Influence of Race on Training Data Quality for Artificial Intelligence (AI) Algorithms (2022)

May 1, 2022

Amitha Domalpally, Rick Voland, Robert Slater, Ellie Corkery, Pamela Vargo, Rebecca Kuhtz, James Reimers, Roomasa Channa, Barbara Blodi

Abstract

Purpose: Diabetic retinopathy (DR) severity level is evaluated from stereoscopic 7-field color photographs by masked graders at the Wisconsin Reading Center and used as a reference standard for training and validation of AI algorithms. Training data quality influenced by race is understudied relative to standards established forWhite subjects. Retinal pigmentation is greater in individuals with darker skin tones, and the reduced contrast may affect the detection of DR features by graders. We explored the effect of race-related fundus pigmentationon the grader’s ability to document DR.

Methods: All images were acquired by a certified photographer at a single site using the same camera. and evaluated for DR by two experienced graders masked to all demographics. Following our standard protocol for quality assessment, graders determined a confidence score (CS) of high or low (borderline and ungradable) for each image. Graders were permitted to use digital enhancement tools for better visualization. The Red, Green, and Blue (RGB) channel values were also obtained for a representative image of each subject.

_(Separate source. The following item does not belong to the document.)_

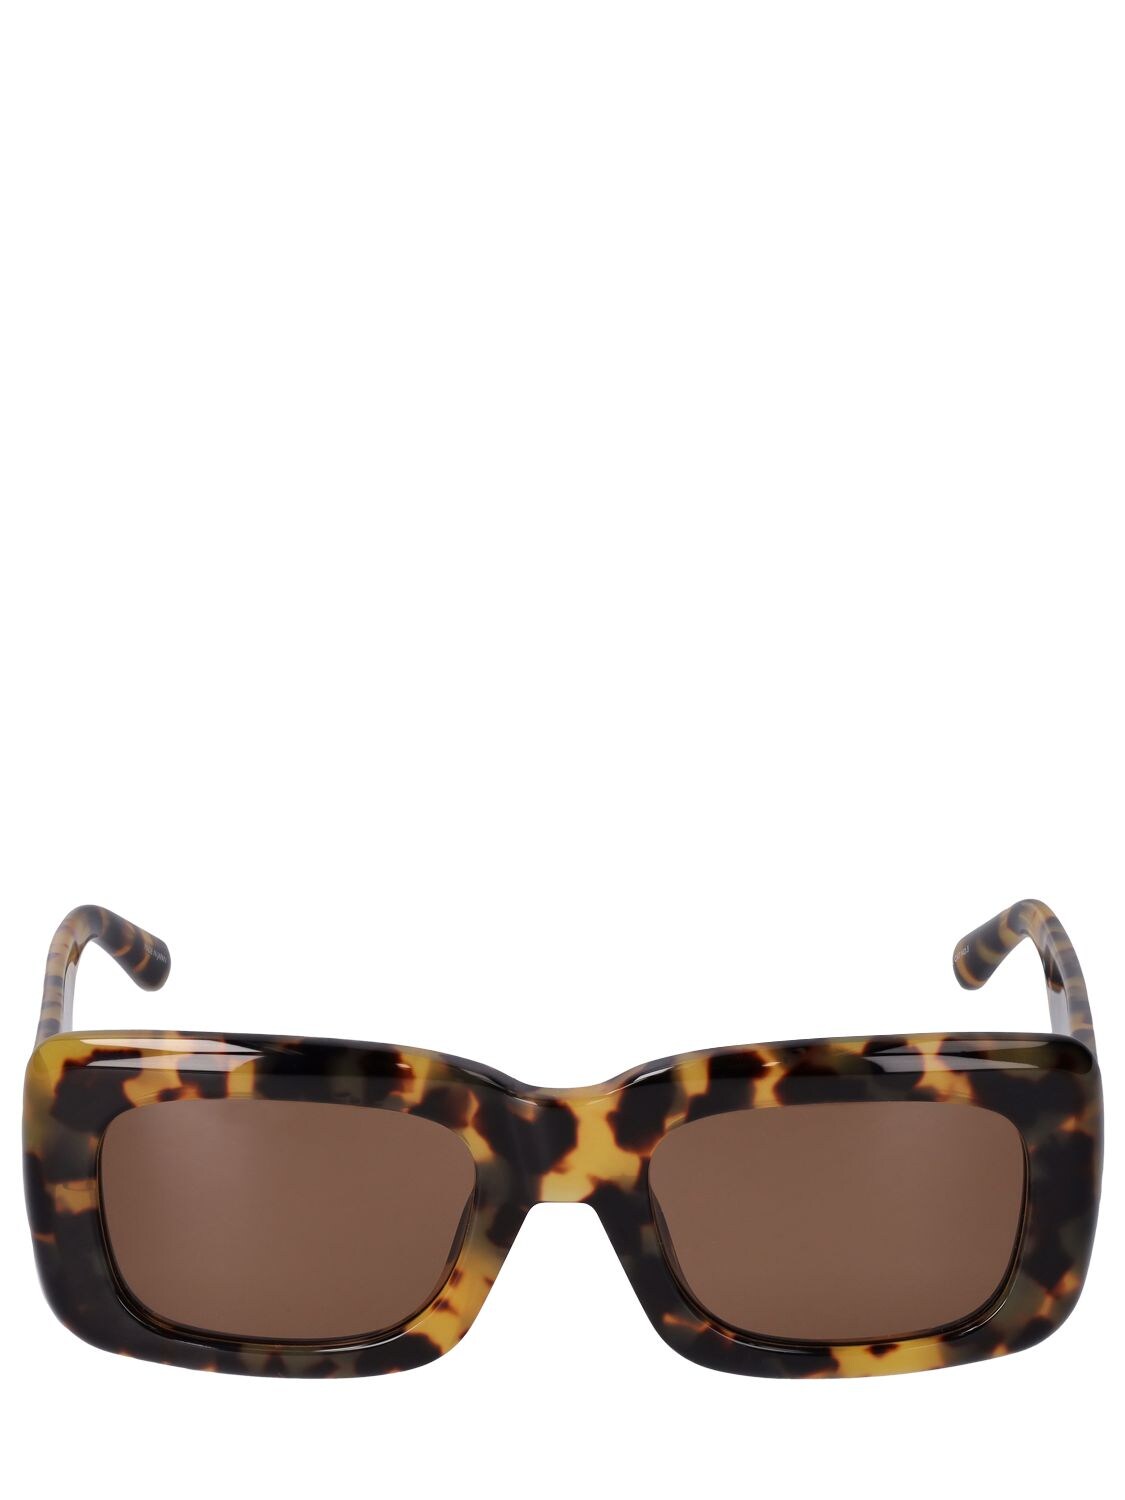 Shop Attico Marfa Squared Acetate Sunglasses In T-shell,brown

Results: Of 183 subjects, 37 (20.2%) were identified as White, 11 (6%) Black and 135 (73.8%) Other with Hispanic ethnicity. DR prevalence was 10.4% in the full cohort (366 eyes), mostly with mild-moderate non-proliferative DR. DR prevalence across the 3 racial/ethnic groups was 12.2%, 0% and 12.2% respectively. CS was high in 93%, 77%, and 82%, borderline in 5%, 23% and 16% and ungradable in 1.4%, 0% and 1.5%, respectively. There was significant difference between high and low CS across the three groups (p = 0.029)and also for the red channel of RGB values: 129 (95% CI 95,105), 85 (77,104), and 94(88,99) (p < 0.001).

Conclusions: Grader confidence for evaluating DR features was lower in pigmented retinas which could affect data accuracy from images obtained from darker-skinned individuals. It is possible that DR was under called in Black population due to difficulty in detecting early features. This bias can transfer into AI models via training data. Photographer education in image capture techniques and grader training in racially diverse datasets is needed to obtain high-quality, categorically delineated data.